# 1993 Honda Accord



## huntingbuddy (Sep 10, 2007)

my family just bought a 93 honda accord for my little sis to drive around. I have been driving around a little bit, until I find myself a car. I noticed that when its been driven for a while it has no guts or get up and go, I have to rev the engine high to get it to start moving. Its a manual transmission, when I shift and let off the clutch the engine revs high for a while then its like it catches the gear and starts to move. When I pulled into work to day I was in first gear and I had to rev it to like 4000 rpm to get it to move into a parking stall. I know this isn't right, nor good for the car. 
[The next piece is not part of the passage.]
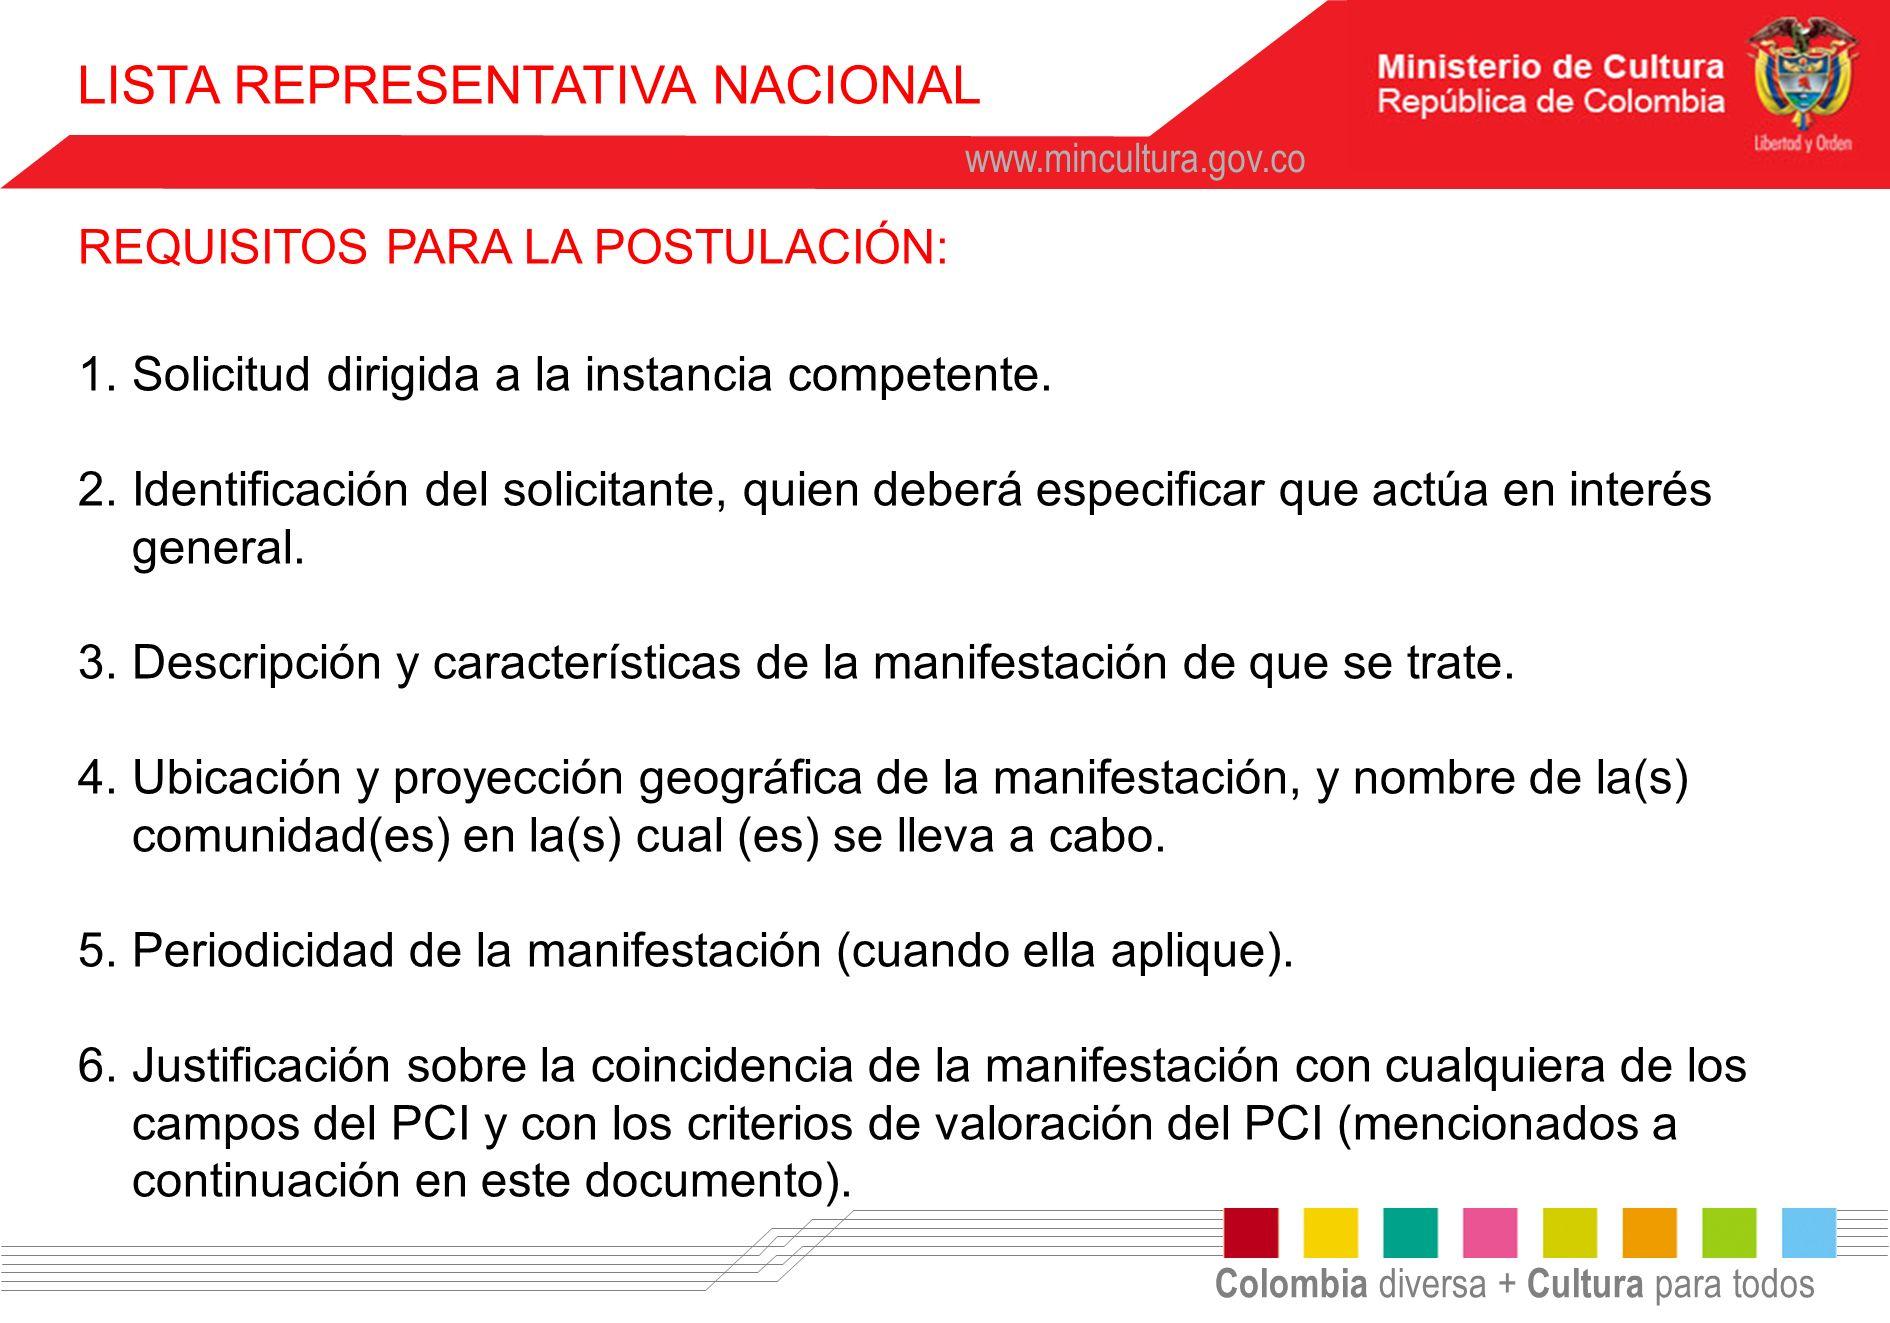 Colombia diversa + Cultura para todos www.mincultura.gov.co REQUISITOS PARA LA POSTULACIÓN: 1.Solicitud dirigida a la instancia competente. 2.Identifi

p.s. Ya I know my luck with vehicles sucks right now


----------



## MeanGene (Nov 18, 2008)

Sounds like it's time for a new clutch.


----------



## Wind In His Hair (Dec 31, 2009)

It probably is the clutch. At 17 years old, who knows when the last time it has been replaced, if ever.

On a somewhat unrelated side note, see if you can find out when the last time the timing belt has been changed, or have someone check it to see if it is time to replace it. Every 50k for a new timing belt is about standard for a Honda of that era. It makes sense to replace the water pump at the same time too since it's right there and no sense in paying labor twice. The parts themselves are cheap, it's mostly labor.


----------